◆ PROBLEM DESCRIPTION:
Copy down the listing below exactly. Do not include pictures.

◆ INFORMATION SUPPLIED:

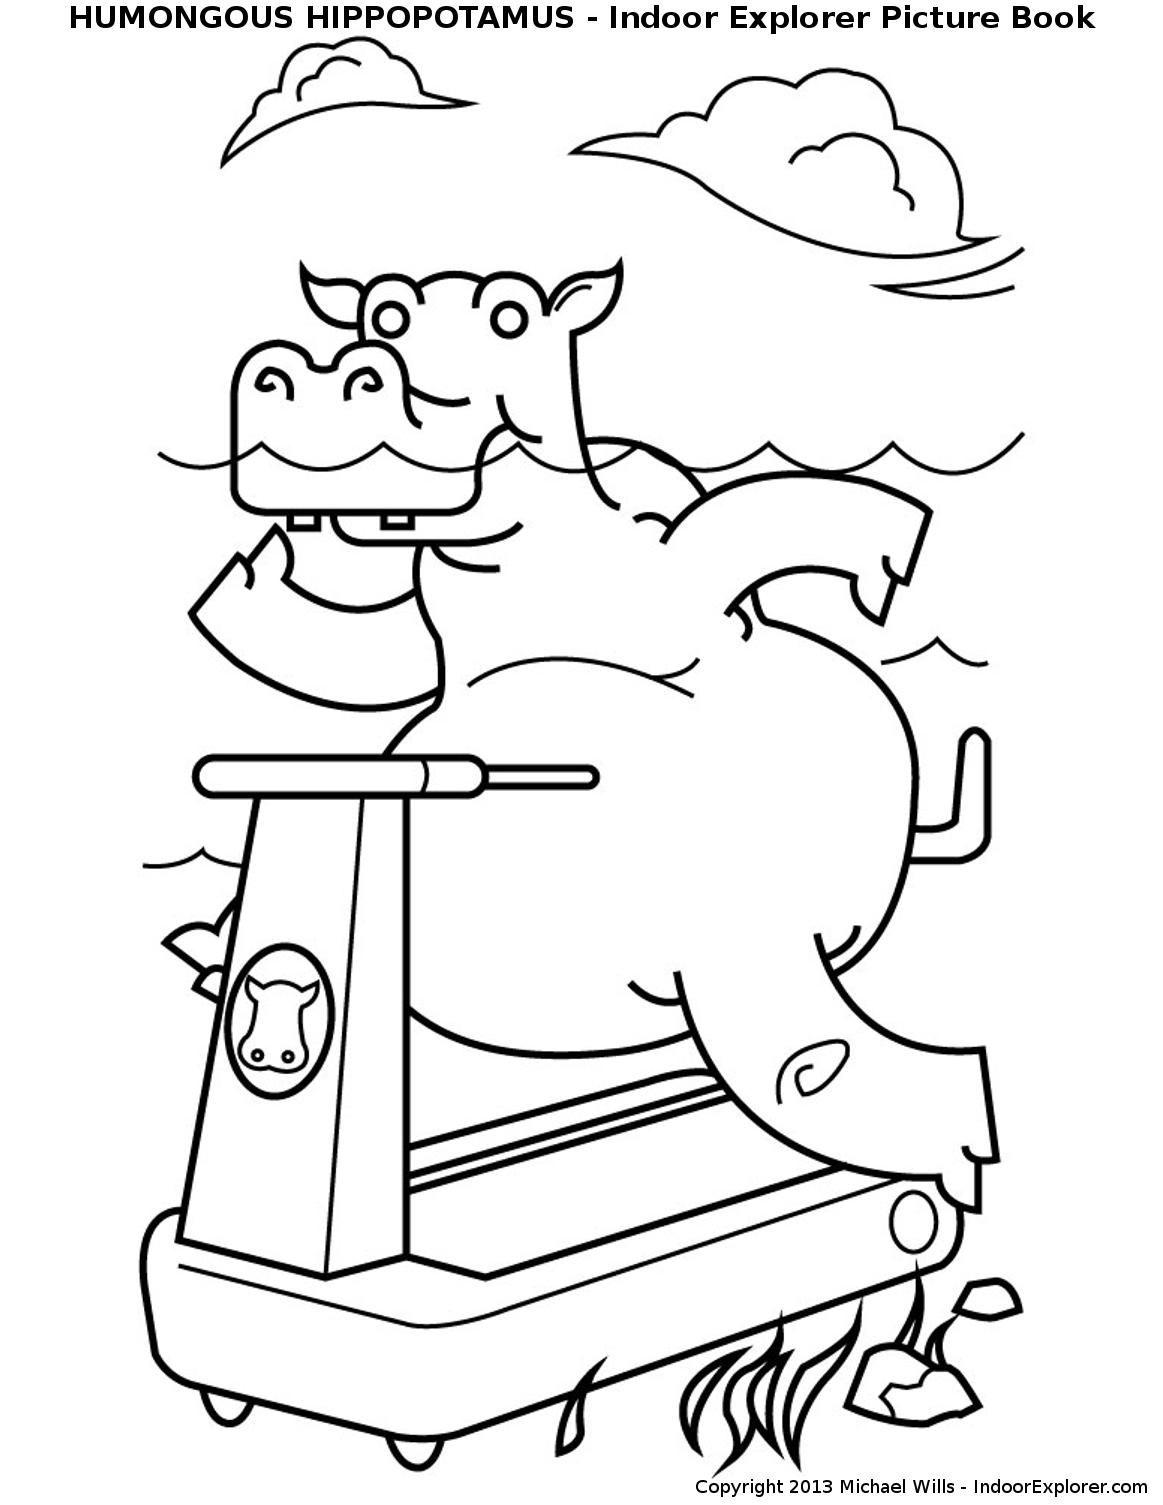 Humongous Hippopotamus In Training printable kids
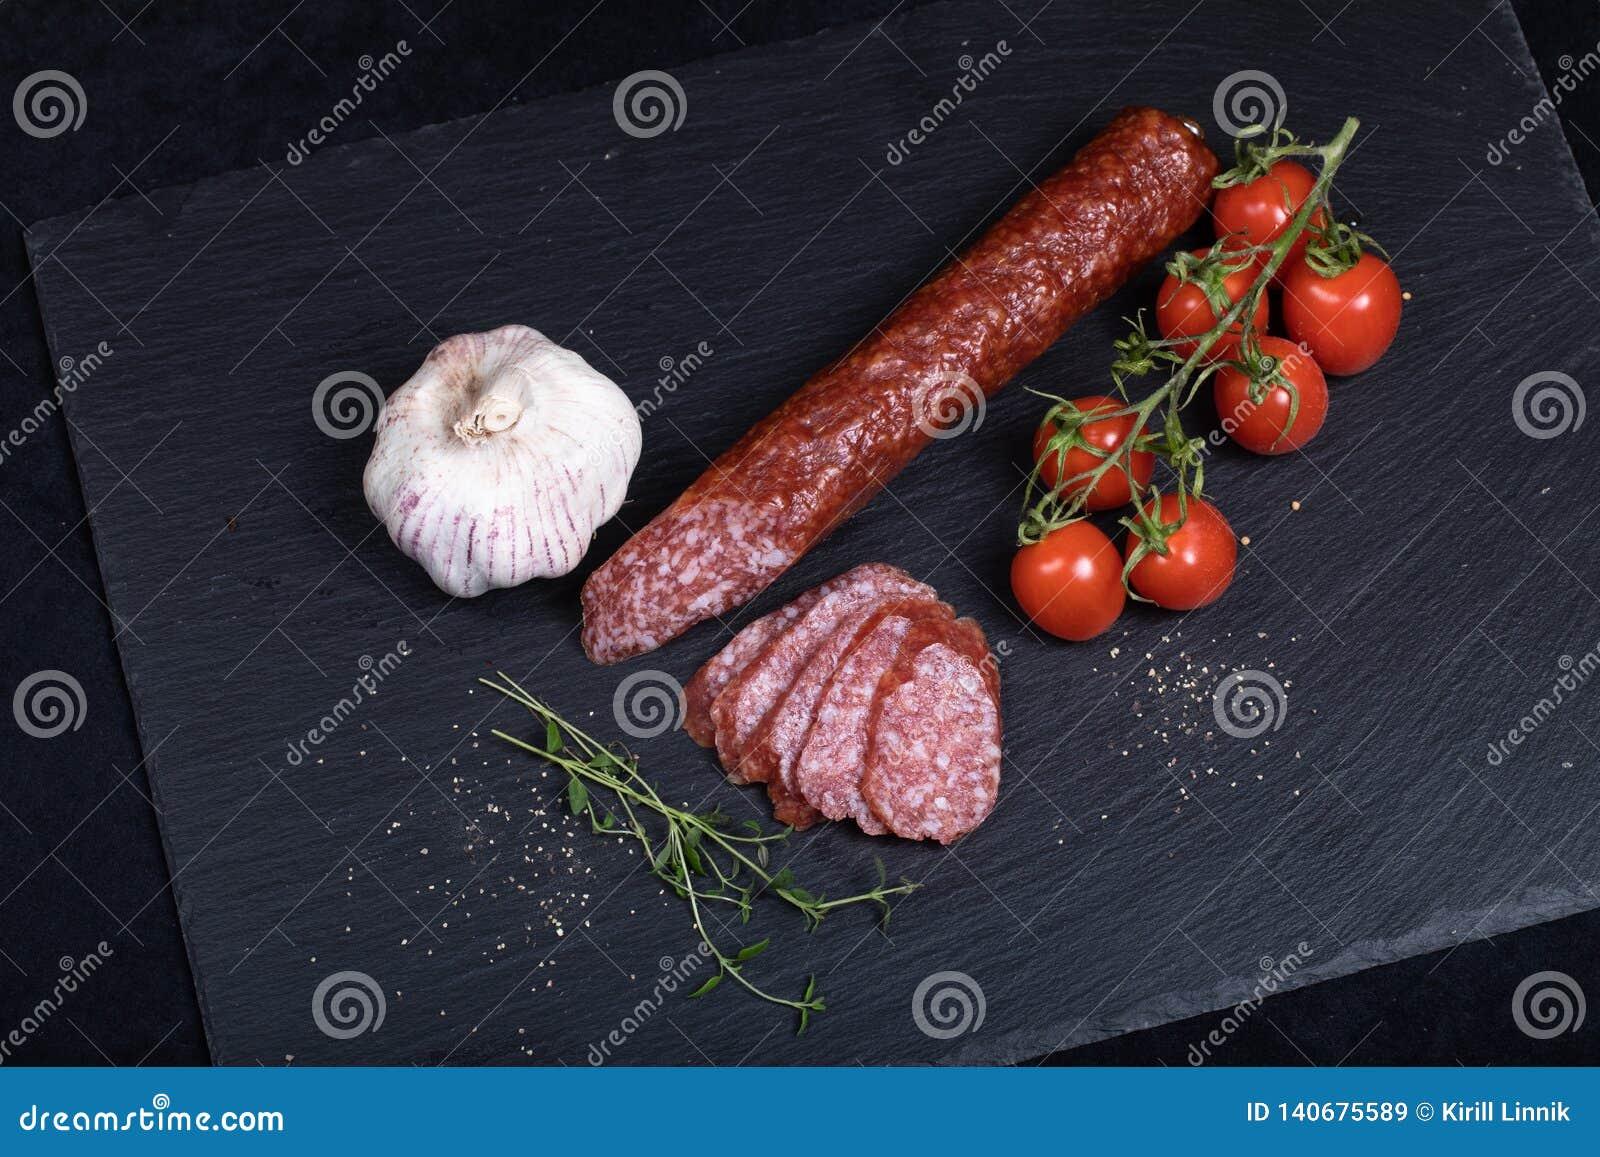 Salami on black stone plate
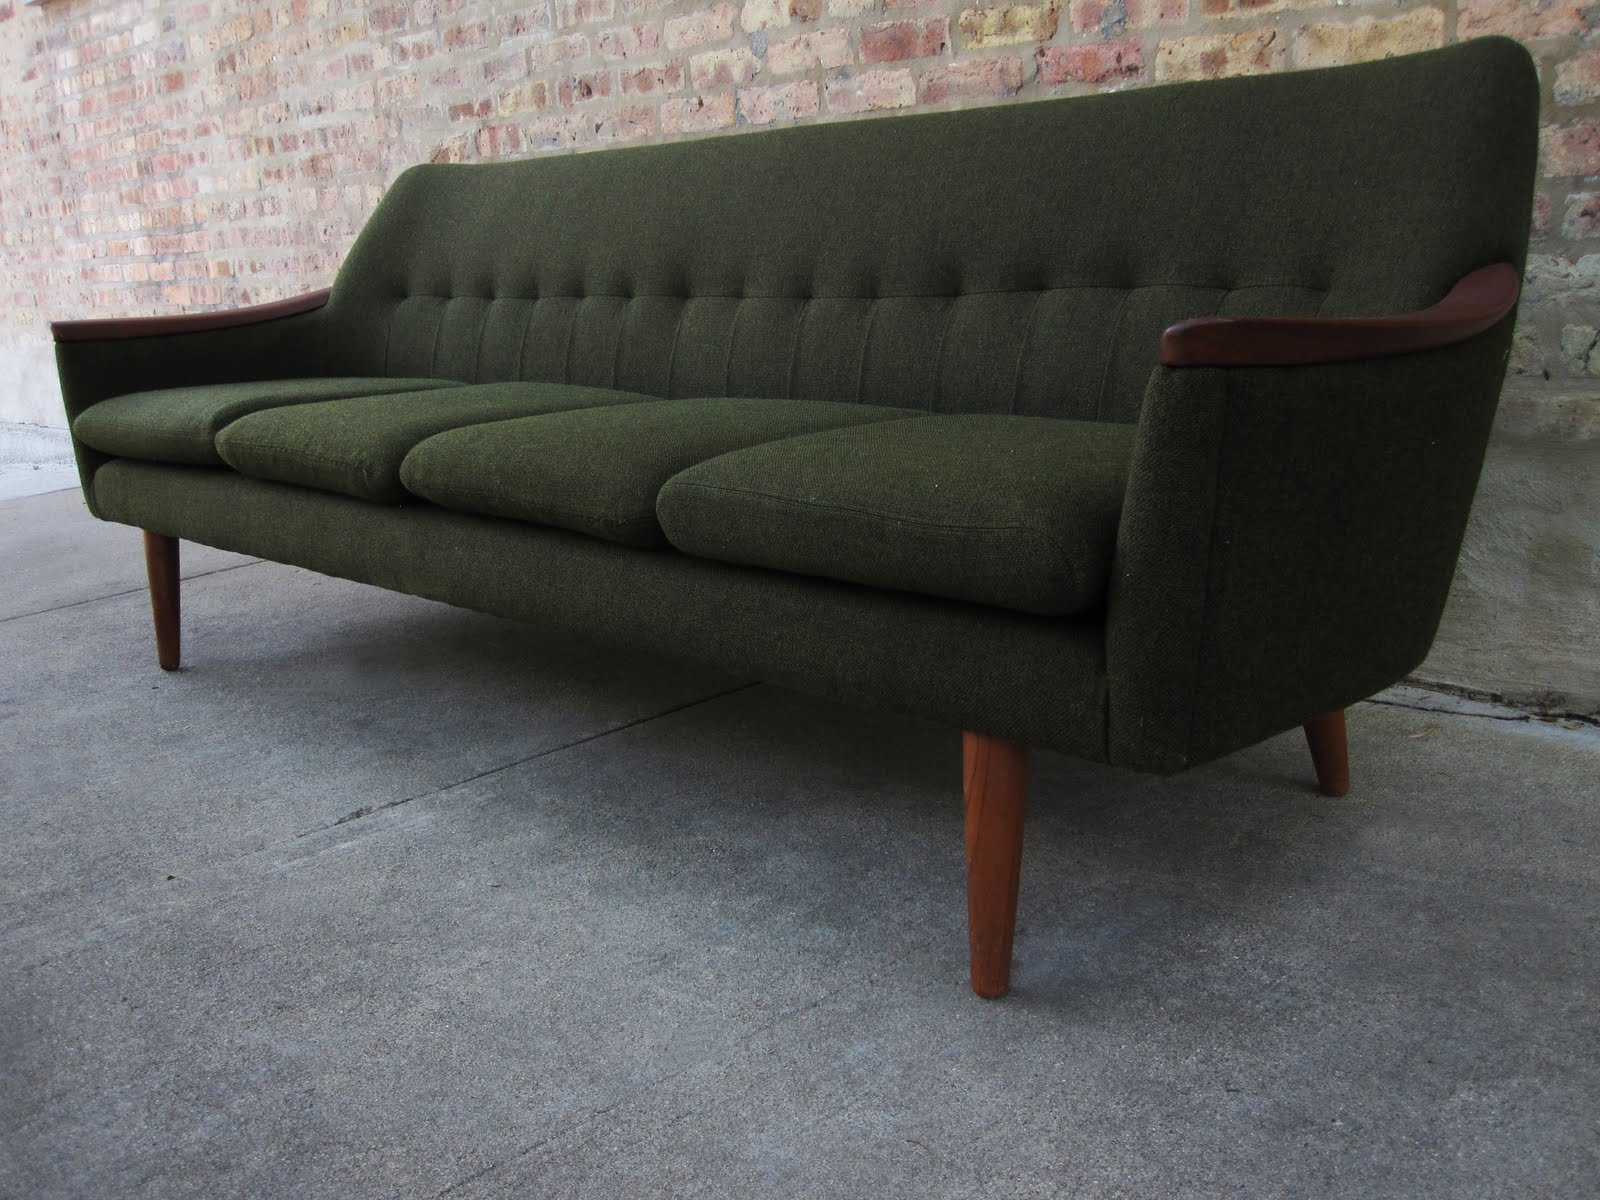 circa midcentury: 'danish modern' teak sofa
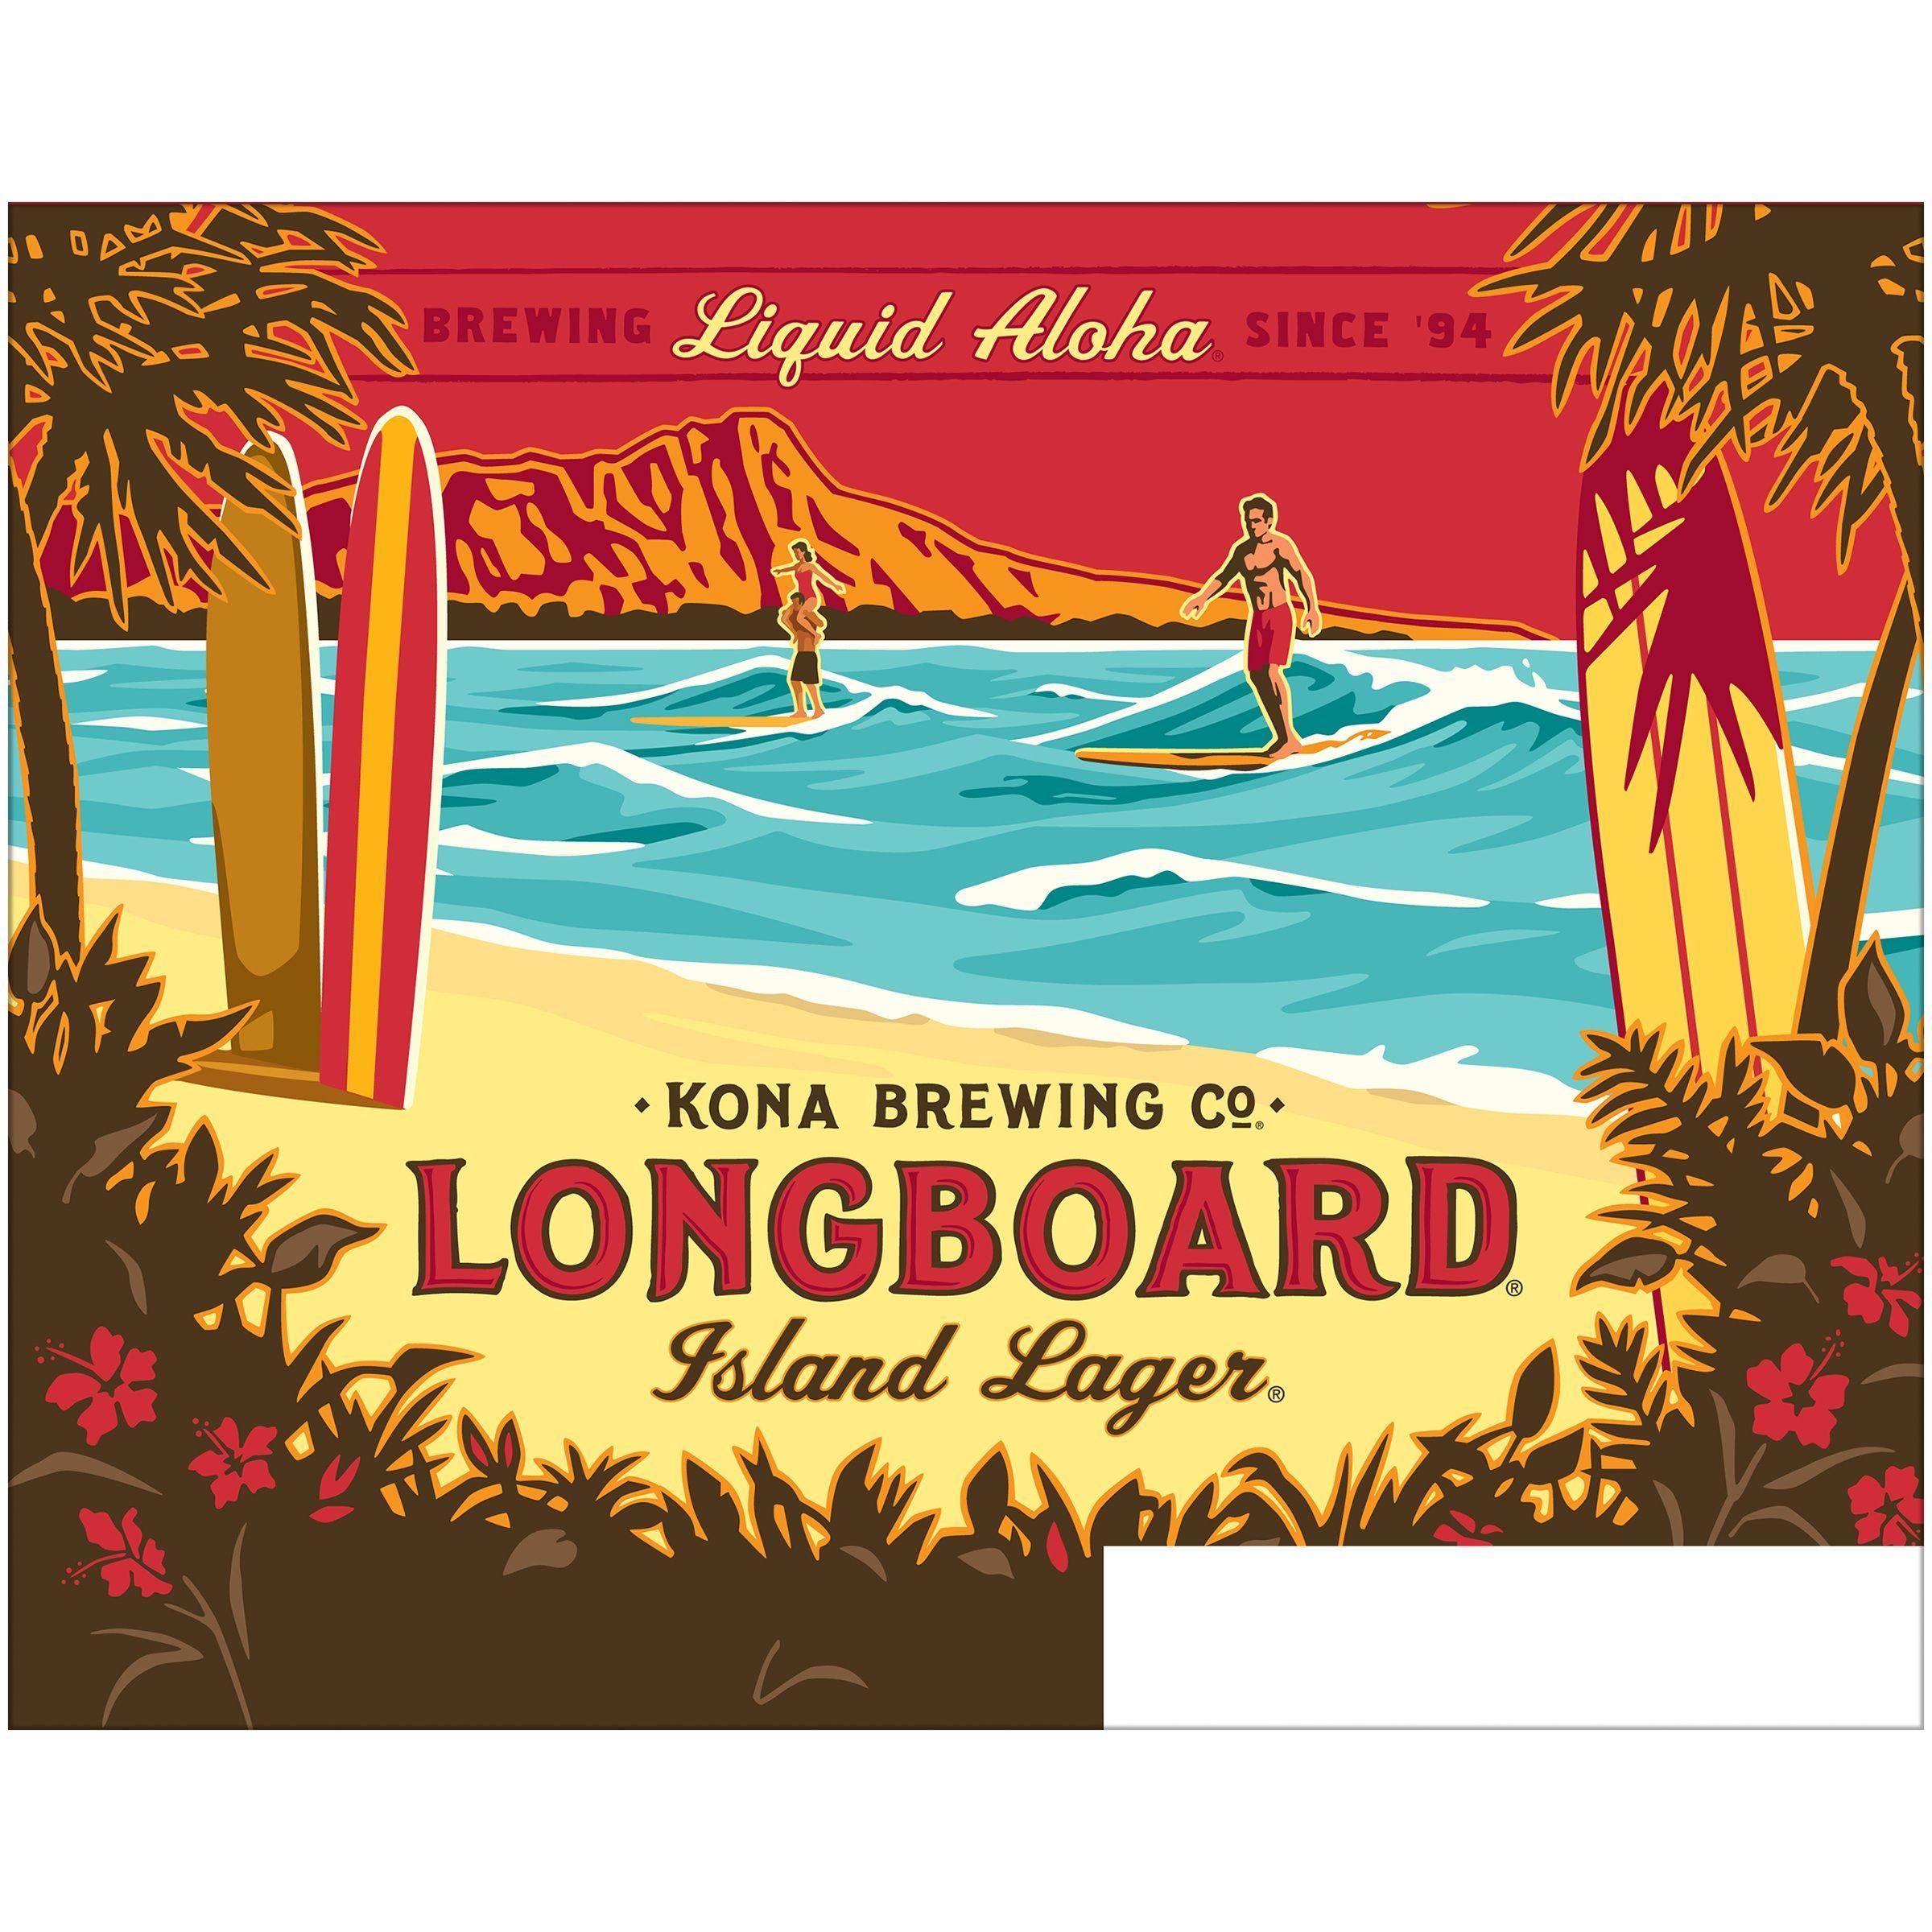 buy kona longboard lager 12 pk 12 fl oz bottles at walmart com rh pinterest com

◆ REPLY:
 Humongous Hippopotamus In Training printable kids
 Salami on black stone plate
 circa midcentury: 'danish modern' teak sofa
 buy kona longboard lager 12 pk 12 fl oz bottles at walmart com rh pinterest com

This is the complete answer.